Band 1: DIY platforms — £9–£50/month
What you get: A subscription to Wix, Squarespace, Shopify or similar. Templates, drag-and-drop editor, hosting included, basic SEO controls.
Who delivers it: You.
Who it's for: Sole traders with no organic search dependency, time to build it themselves, and a tolerance for template-shaped output.
Trade-offs: Limited customisation. Performance scores often mediocre. Harder to migrate later. SEO and GEO ceilings hit fast.
Band 2: Freelancer — £500–£3,000
What you get: A custom-built site from one specialist (designer or developer, rarely both). Quality varies dramatically by individual. Copy is usually yours to write.
Who delivers it: A solo freelancer, often UK-based, sometimes offshore.
Who it's for: Businesses with a clear brief, an existing brand, and the appetite to coordinate the freelancer.
Trade-offs: Patchy across disciplines (a great designer who codes badly, or vice versa). Limited post-launch support. Communication ranges from excellent to absent.
Band 3: Sole-operator agency — £600–£1,500
What you get: A complete custom site from one experienced operator running the whole stack — design, build, copy, schema, on-page SEO, GEO foundations, hosting setup, post-launch fixes. Same process as a regional agency. None of the overhead.
Who delivers it: One person, end to end.

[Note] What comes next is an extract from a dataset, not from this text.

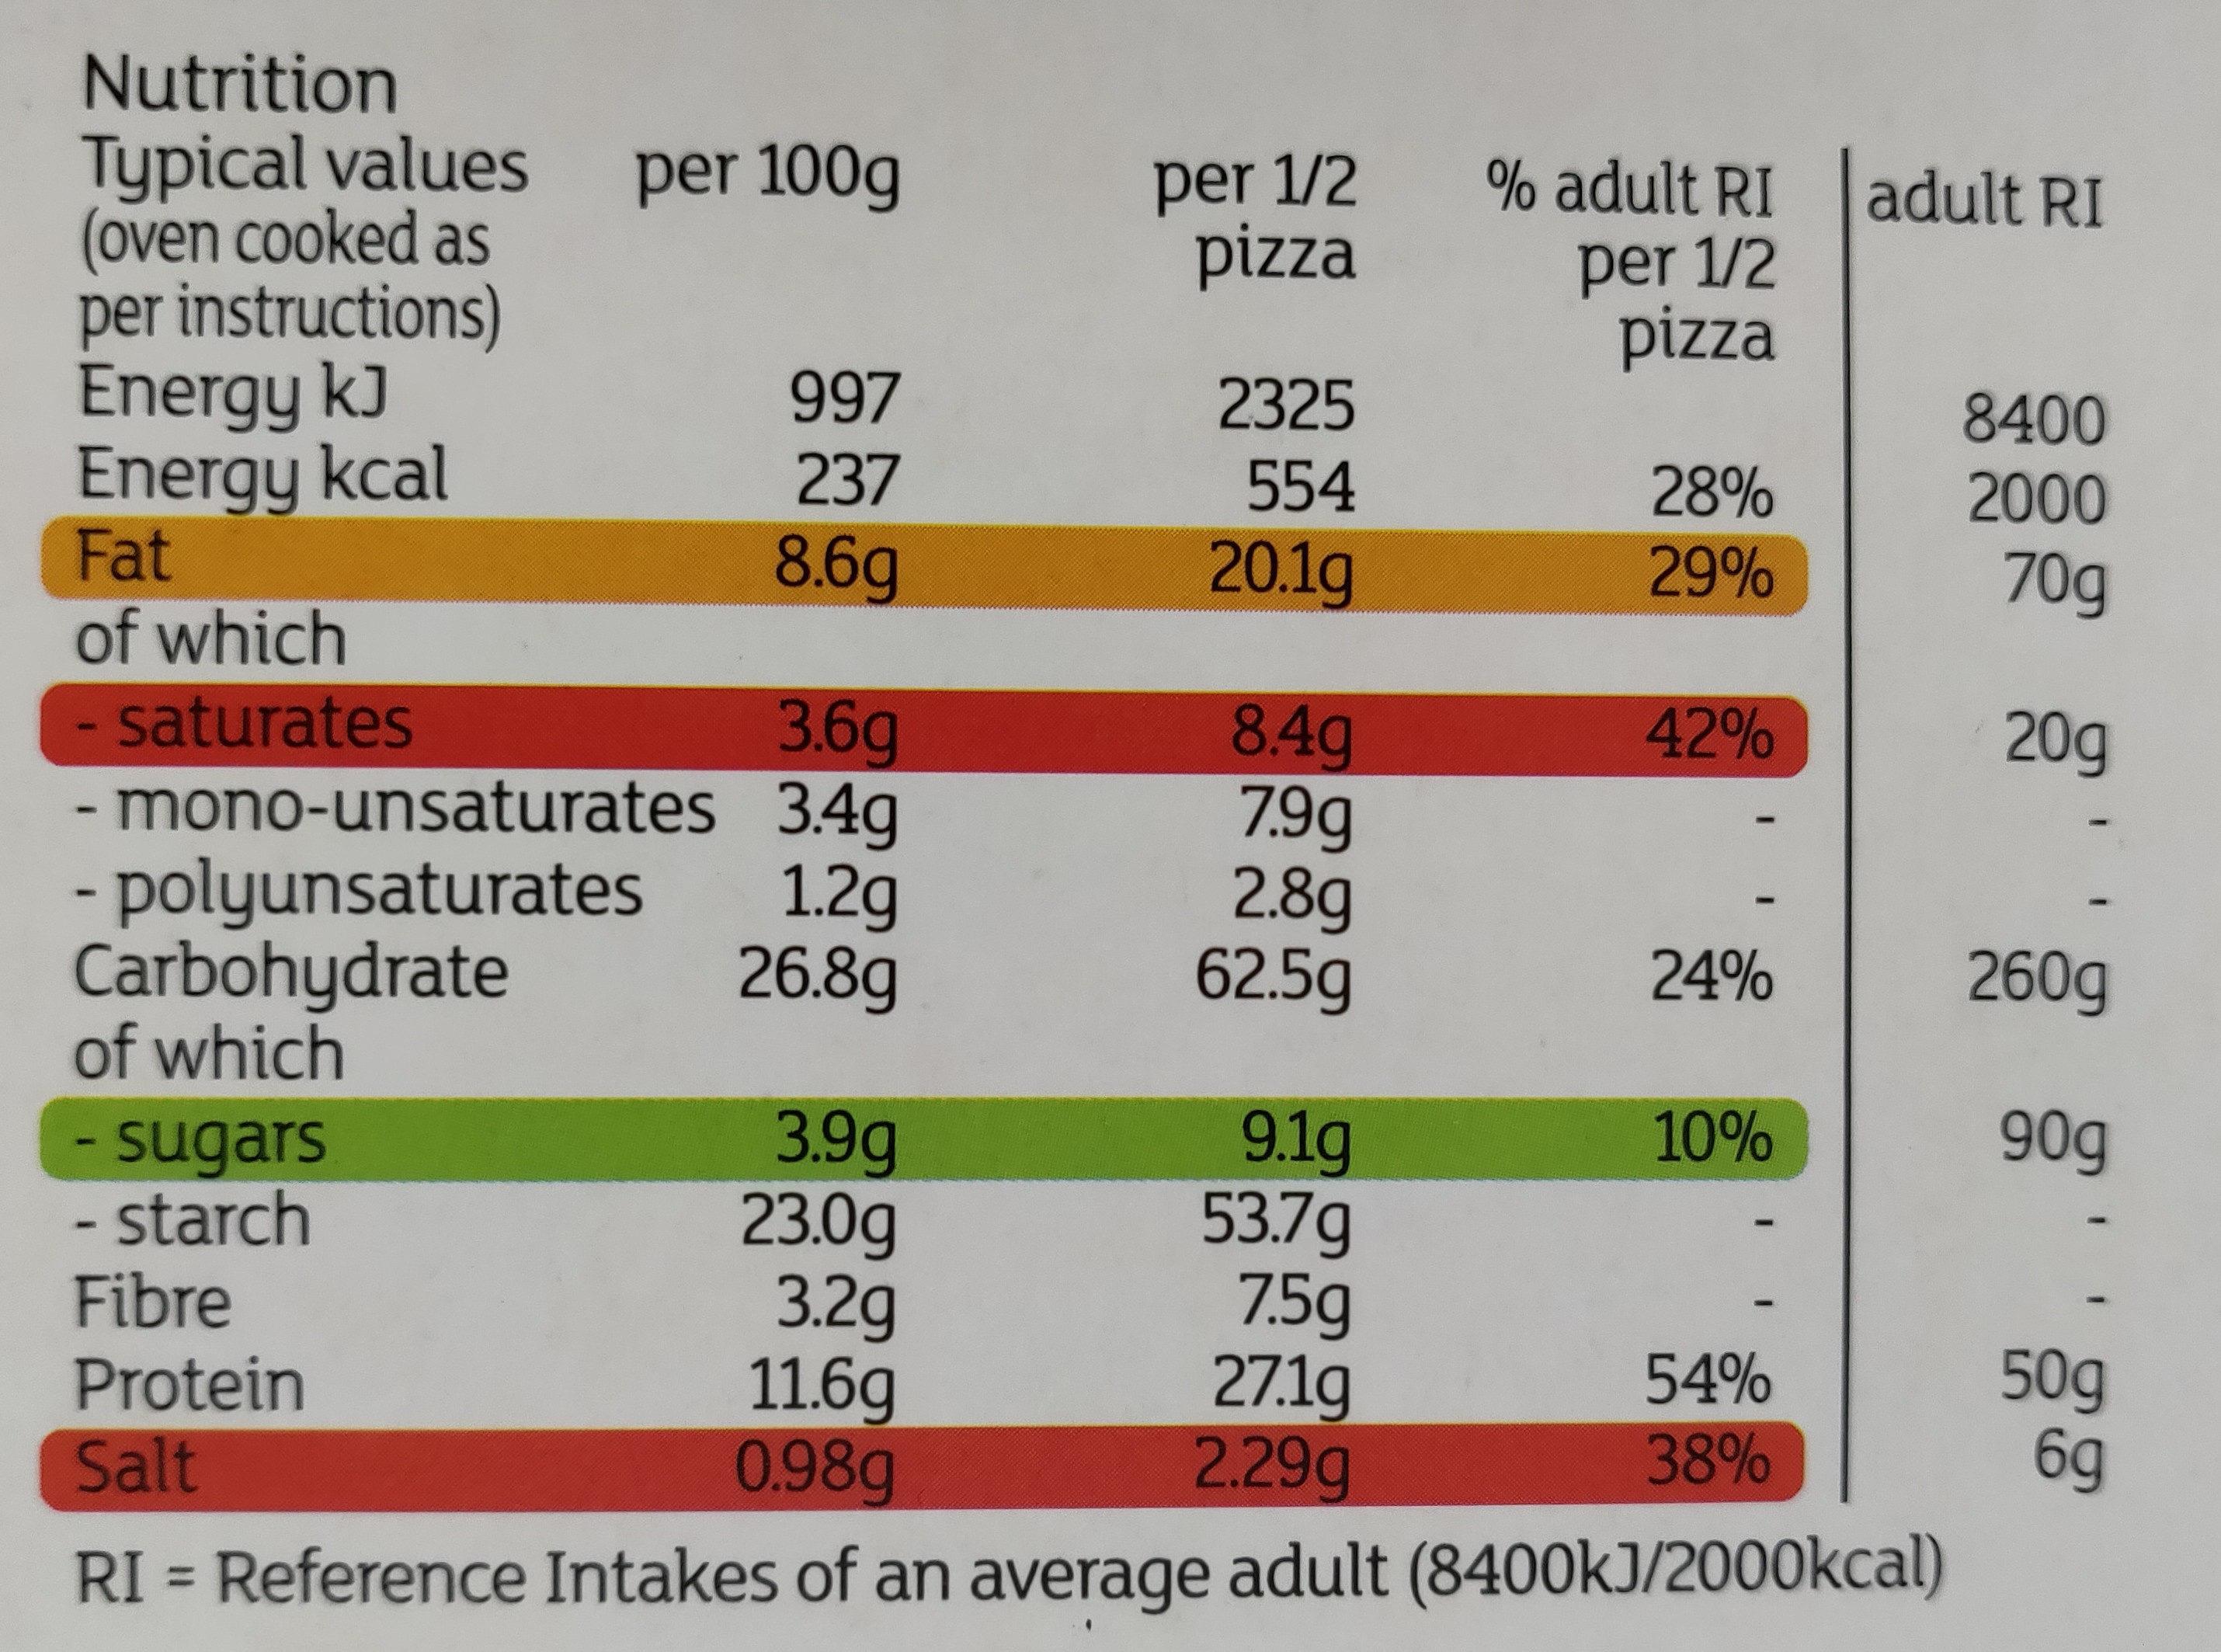 Bocconcini mozzarella & Sunblush cherry tomatoes - Nutrition facts - en
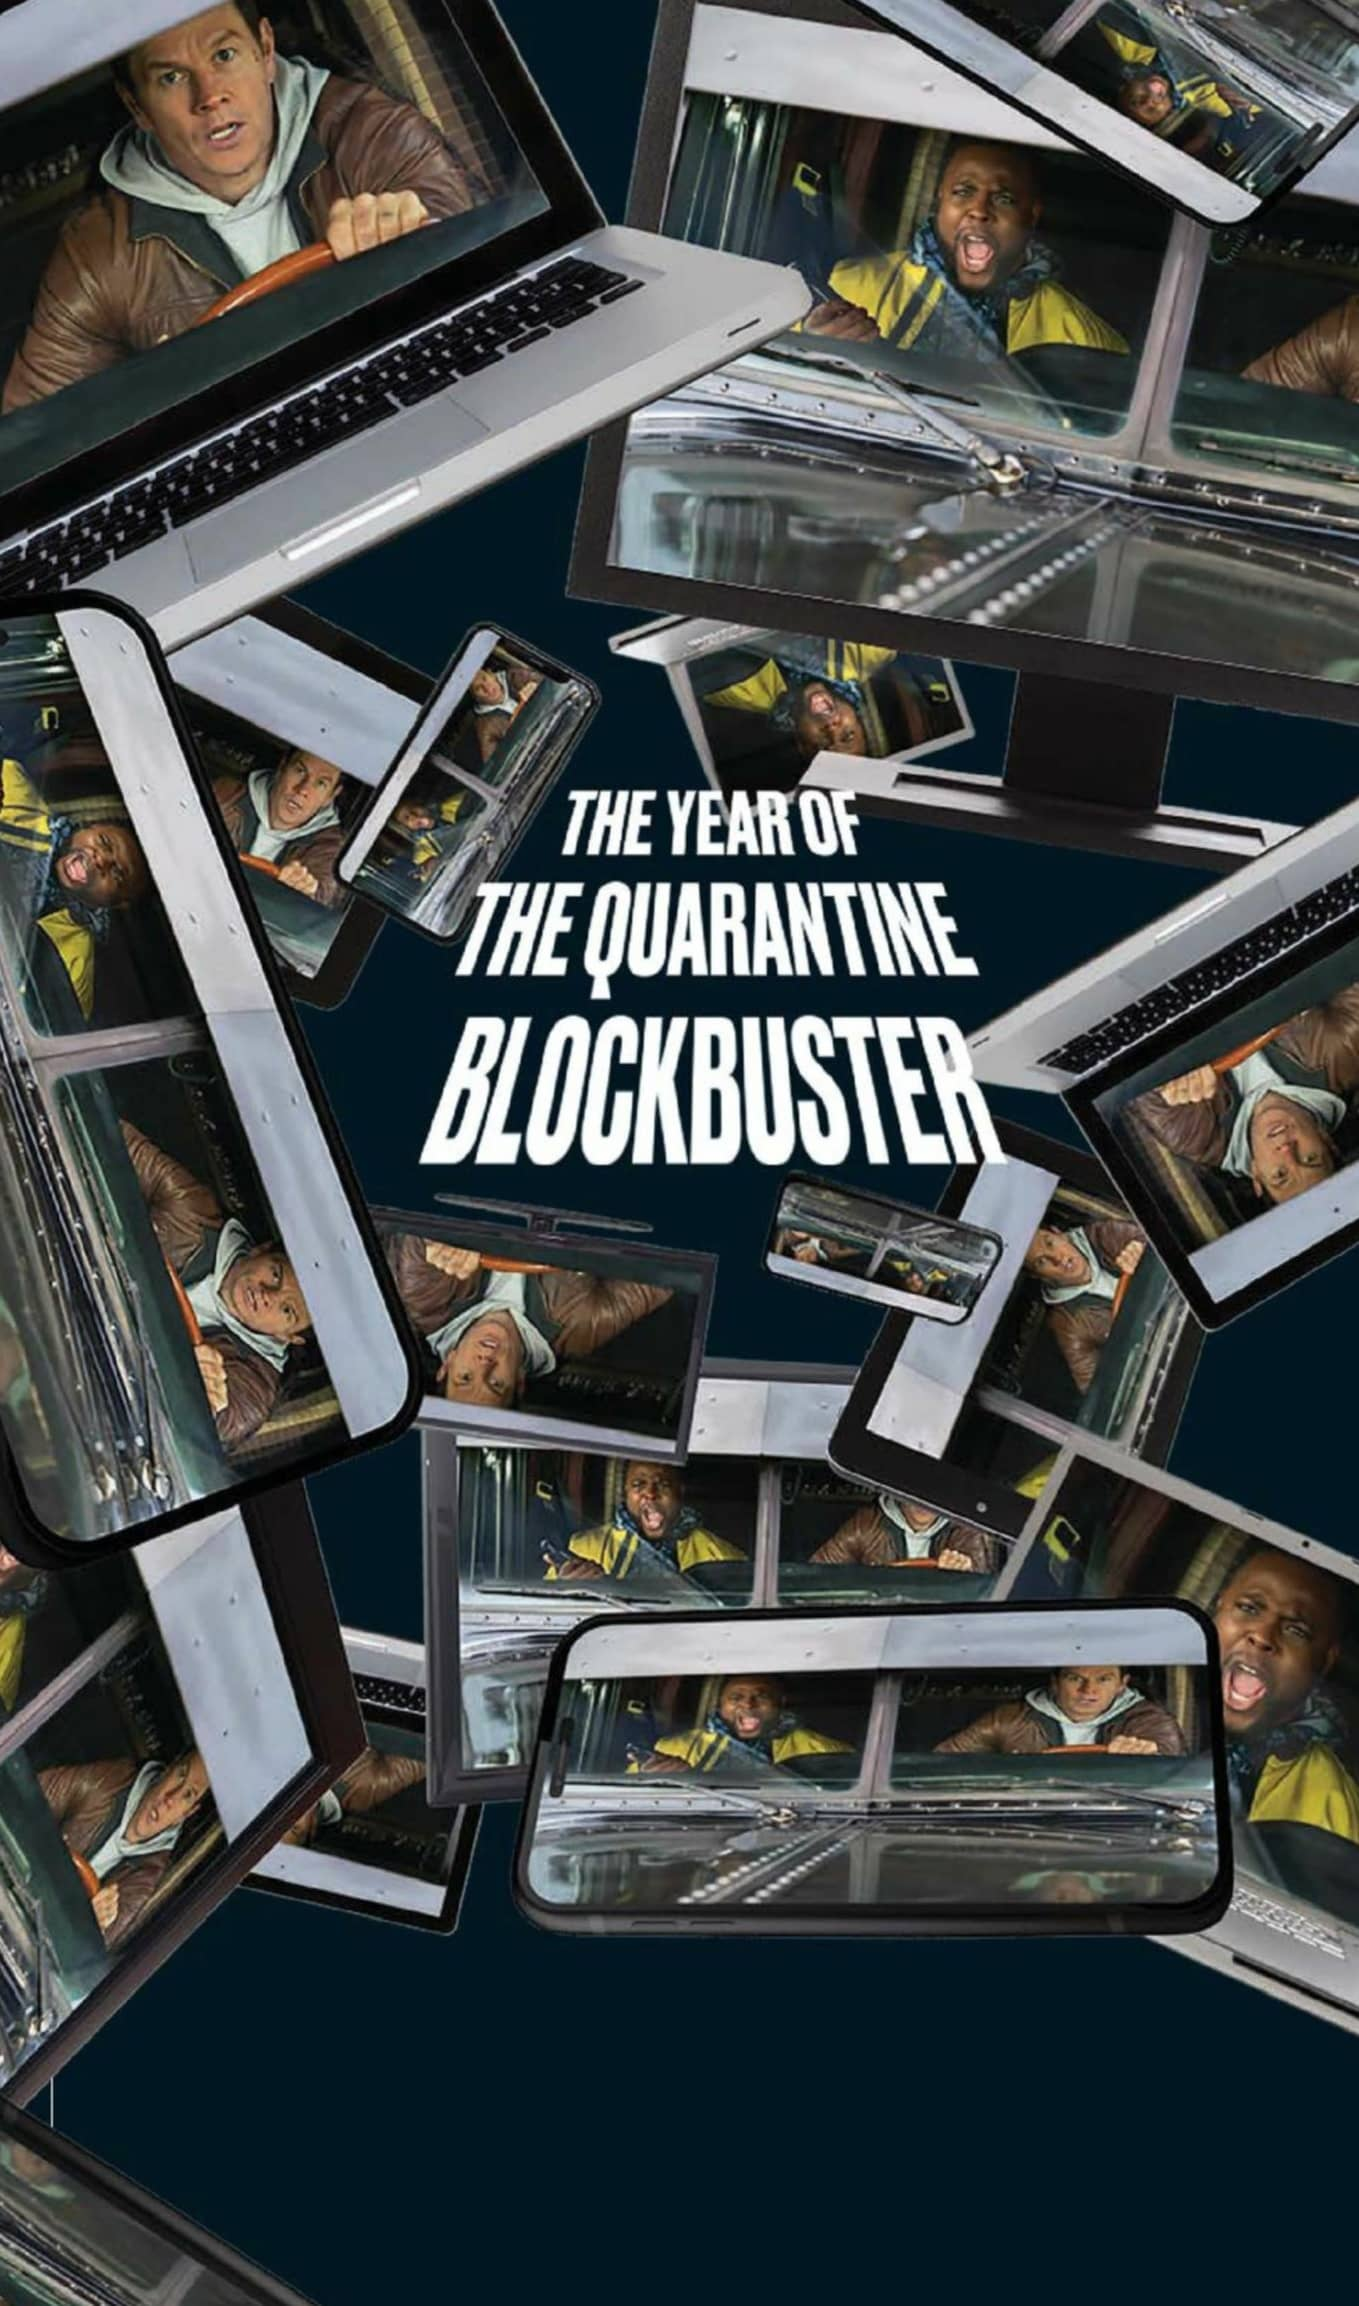 The Year of The Quarantine Blockbuster

Examples in the UK include Sort The Clicks (Hertfordshire, brand £1,000, web from £600).
Who it's for: Owner-operated UK small businesses that want agency-grade output but don't want to fund an agency-shaped org chart.
Trade-offs: One operator means one calendar — projects are scheduled in sequence, not in parallel. If the operator gets ill, the project pauses. Most run a small bench of trusted collaborators for overflow, but the model is genuinely solo.
Band 4: Regional UK agency — £3,000–£10,000
What you get: A custom site from a small in-house team — typically a designer, a developer, a project manager, sometimes a copywriter. Office in Manchester, Bristol, Leeds, Edinburgh or similar regional hub.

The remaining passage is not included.